Evidently, Ethan’s eyebrows were not as expressive as he’d hoped.
“Everything okay?” Naomi glanced at the clock over her shoulder. “The group’s getting antsy. We should probably get started.”
Before Ethan could intercede, Leah was thrusting her hand toward Naomi’s. “Hi, I’m Leah. Ethan’s sister. It’s so nice to meet you. I’m a platinum Shameless subscriber.”
“Oh. Wow. Thank you.” Naomi glanced between the two of them.
They didn’t look that much alike. Though they both took after his dad, short with dark hair, Leah favored their mom’s family with more of a heart-shaped face.
“It’s my pleasure. Literally.” Leah raised her eyebrows lasciviously.
This event was rapidly turning into a nightmare.
“Leah, would you go tell those people clustered in front of the door that we’re about to begin, please?” The excuse to get rid of her was flimsy, but he wanted to put as much distance between Naomi and the person who had witnessed his awkward adolescence as possible.
“Sure. I can do that.” Leah turned so Naomi couldn’t see her and mouthed Get it! at him before making her way to the meager refreshments table where everyone else had congregated.
Ethan longed for an aspirin.
“Well, guess we’re back to odd numbers,” Naomi said.
“Oh, shoot. Sorry.” His shoulders relaxed a little now that Naomi wouldn’t have to participate.
“Wait, actually”—she snapped her fingers—“why don’t we both try? It’ll help round out the small group and we’ll get better data about the attendees and the model firsthand. That way we can see if we need to tweak it for next time.”
“I’m not sure that’s the best idea,” Ethan said, which, he credited himself, was nicer than his initial reaction of Are you nuts? He had to admit, though, the scientist in him had perked up at her quick-thinking proposal for collecting data.
“Why not?” Naomi raised a bare shoulder.
Ethan tried not to think about kissing said shoulder.
“You said rabbis can date and you’re single.”
“I’m not dressed for the occasion,” he said, blindly groping for an out. The truth was he didn’t date, especially not potential members of his congregation. It wouldn’t be appropriate.
To be fair, if he’d known he was going to be roped into participating, he would have changed into something more casual. He was wearing his work clothes. Dress pants and a button-down and leather shoes with tassels.
Not that a T-shirt would have made this situation any less anxiety-inducing, but still. The majority of the participants were under thirty and wearing street clothes. In comparison, he looked like someone’s dad.
“I’m sure no one wants to sit across from—”
“From a hot, smart, compassionate, eligible man. Oh no, you’re right.
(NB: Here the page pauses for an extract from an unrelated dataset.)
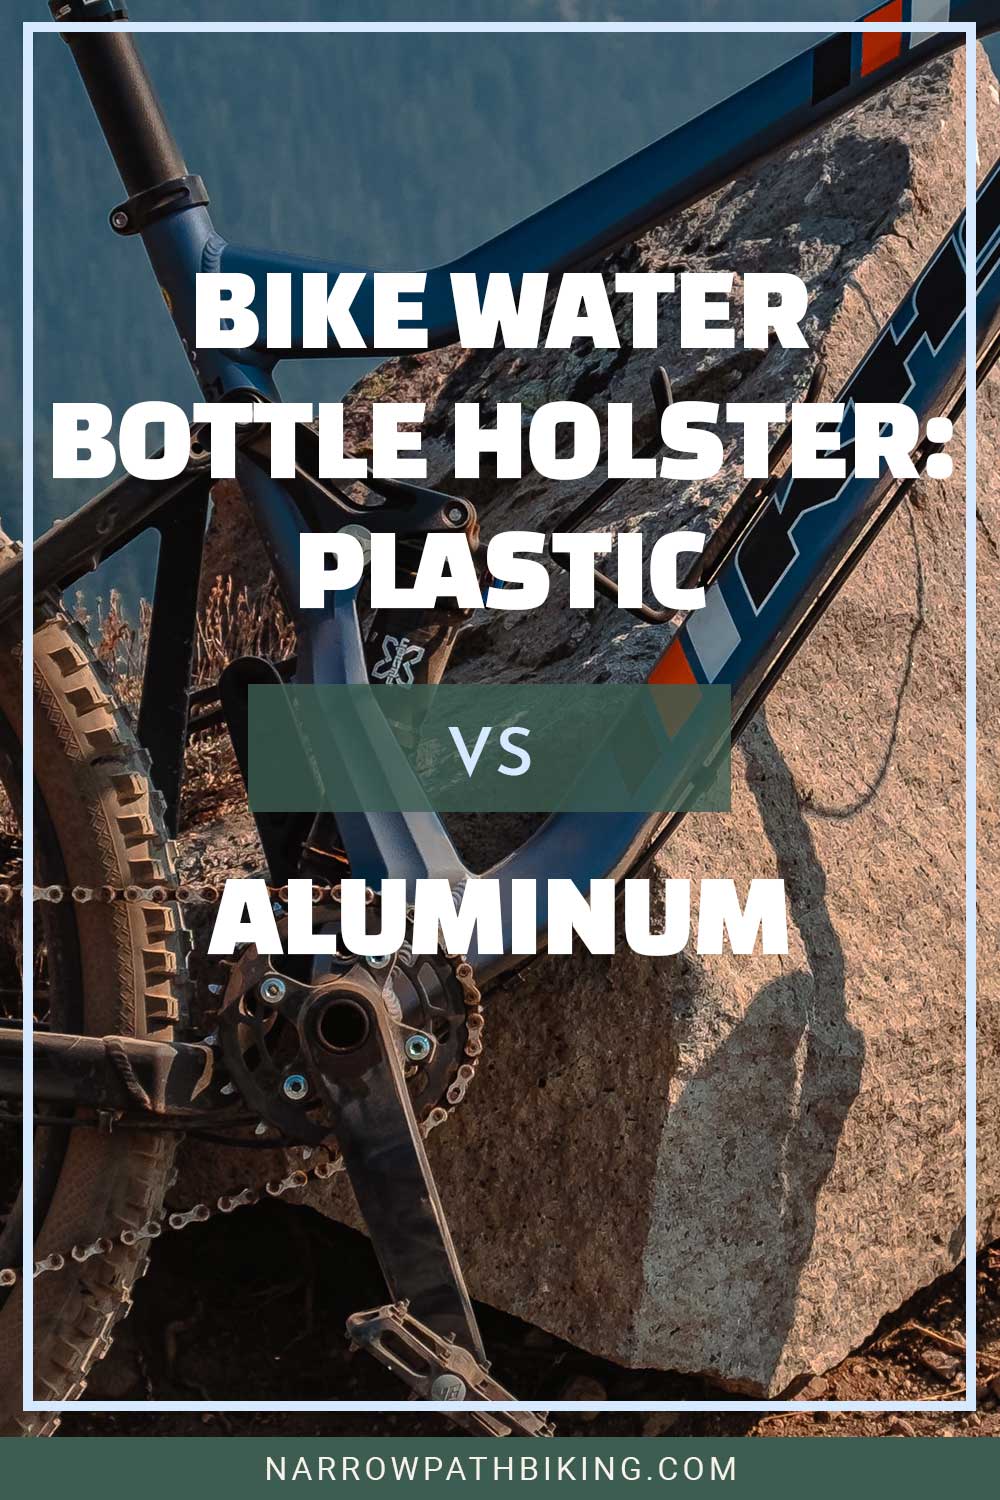 A blue bike and it's lower part - Bike Water Bottle Holster: Plastic vs Aluminum.

What a burden.” She rolled her eyes at him. “Relax. No one’s asking you to get married.” Naomi reached out and straightened his collar, her fingertips barely brushing the back of his neck. “This is supposed to be fun, remember?”
The interaction lasted only a few seconds, but Ethan still found himself breathless.
“I can’t in good conscience speed-date my sister,” he said, voice slightly strangled.
Naomi’s mouth curled into something dangerous. “Even I’m not that kinky.”
Ethan worried she could see his heartbeat through his clothes.
“I’ll make sure the Cohens don’t end up on opposite sides of the same table, okay? You can issue a broad disclaimer about your lack of eligibility to everyone else. Come on. All you need is something to grease the wheels a bit, you know.”
“Right. That’s a good idea.” He could handle that much.
“What’s your go-to question on a first date?”
“My . . . ? I’m not sure I have . . .” Ethan hadn’t dated in years. Mostly ’cause he’d been busy with study and service but also because he wasn’t ready to settle down and the nature of his position made any attempts at dating feel, at least to him, inherently serious.
“Come on. Everyone has a conversational standby. Even rabbis.”
He ran his thumb across his forehead. “I suppose I’d ask someone what matters to them. Why they get out of bed in the morning?”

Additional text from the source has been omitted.